How is language evolving on the internet? In this series on internet linguistics, Gretchen McCulloch breaks down the latest innovations in online communication.

Do you pronounce gif with a hard g as in get or with a soft g as in gem? It's a question that people won't stop arguing about on the internet.

But why are we so confused? Why is each camp so passionate about being right? And is there in fact a right way to pronounce gif?

Sure, the creator of the gif, Steve Wilhite, prefers a soft g, and sure, gif originated as an acronym for graphics interchange format, but inventors aren't always good at naming (the zipper was originally called the "clasp locker"), and acronyms aren't always pronounced like their roots (the "a" in NATO isn't the same as the "a" in Atlantic). In truth, language is far more democratic.

So Michael Dow, a linguistics professor at Université de Montréal, decided to investigate a different way, and I talked with him about his findings. The idea is, people decide how to pronounce a new word based on its resemblance to words they're already familiar with. So we can all agree on how to pronounce snapchat because it's made up of familiar words snap and chat, and we don't have any problems with blog because it rhymes with frog, log, slog, and so on, but we have no idea how to pronounce doge because there aren't any other common English words that end in -oge.

The problem with gif isn't the back half—we already know how to pronounce if. The problem is the front half: Does the i make the g soft or not? It's clearly not an absolute yes or no—there are English words in both categories: gift has a hard g before i, whereas gin has a soft g before i. What matters is the frequency. So Dow looked at a large corpus of 40,000 unique words with their frequency and pronunciation taken from The English Lexicon Project. Of these words, how many were like gift (hard g) and how many were like gin (soft g)?

Dow found 105 words in the corpus that had "gi" somewhere in their spelling, not counting variations on the same word, like gift/gifts or geography/geographical. At first glance, it looks like the gin group wins—there were 68 "gi" words that were pronounced with a soft g as in gin, but only half as many (37) that were pronounced with a hard g as in gift

Case closed? Not so fast. Although there are more soft g words, they don't get used as often. The least common word in the entire list was "tergiversate," which I had to look up—it apparently means "make conflicting or evasive statements; equivocate," and it's pronounced with a soft g.

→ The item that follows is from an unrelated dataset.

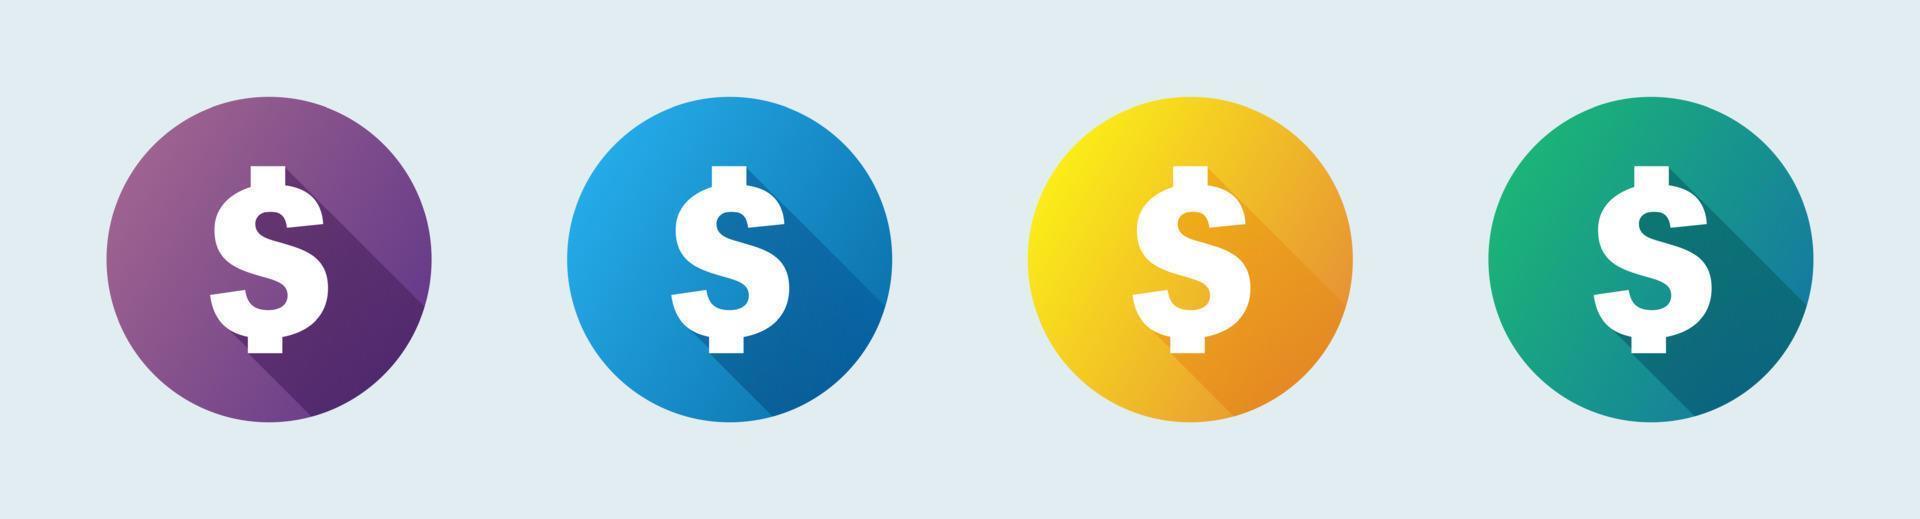 amerikansk dollarvaluta eller dollarsymbol platt ikon för appar och webbplatser. vektor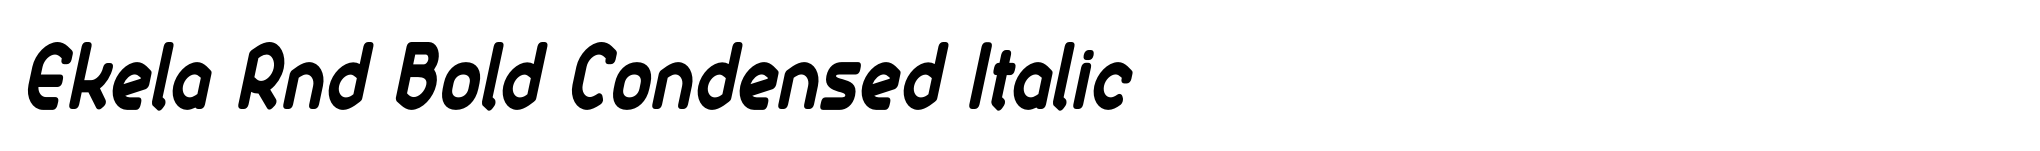 Ekela Rnd Bold Condensed Italic image

Rounding out the bottom eight are some more soft "gi" words you probably don't use every day: "gimcrack," "excogitate," "elegiac," "flibbertigibbet," "corrigible," "gibbet," and "giblet." Hard "gi" words don't show up until the ninth and tenth least common: "muggins" and "girt."

By contrast, the most-used words tend to be pronounced with hard g: Dow found that hard "gi" words were used overall around 10 thousand times in the corpus, whereas soft "gi" words were only used 4 thousand times. And our most-frequent list starts with four hard g words: "give" (#1), "begin" (#2), "girl" (#4) compared to "magic" (#3) and "engine" (#5). And "give" in particular is extraordinarily common—it's used almost four times as much as the next most common word, "begin." 

So in order to know what expectations we're approaching an unfamiliar "gi" word with, we need to balance the fact that there are twice as many soft g words but we use the hard g words twice as often—and it turns out, when Dow did a calculation known as the log frequency that does exactly this, the hard g words and the soft g words end up almost exactly the same.

And it doesn't matter what else we take into consideration. Want to compare only words that begin with "gi," to avoid the potential confounds of "magic" or "begin"? Again, when we take all factors into consideration, Dow found that they were the same.

Want to compare only monosyllables, and avoid "giant" or "forgive"? Yep, still the same.

In other words, when you see a new word starting with "gi," your previous exposure to "gi" words is basically telling you to flip a coin—it's just as likely that you'll decide to pronounce it with a hard g as with a soft g. And you'll never find an overwhelming enough piece of counter-evidence to get you to change your mind. Which probably means we'll be fighting the gif pronunciation war for generations to come.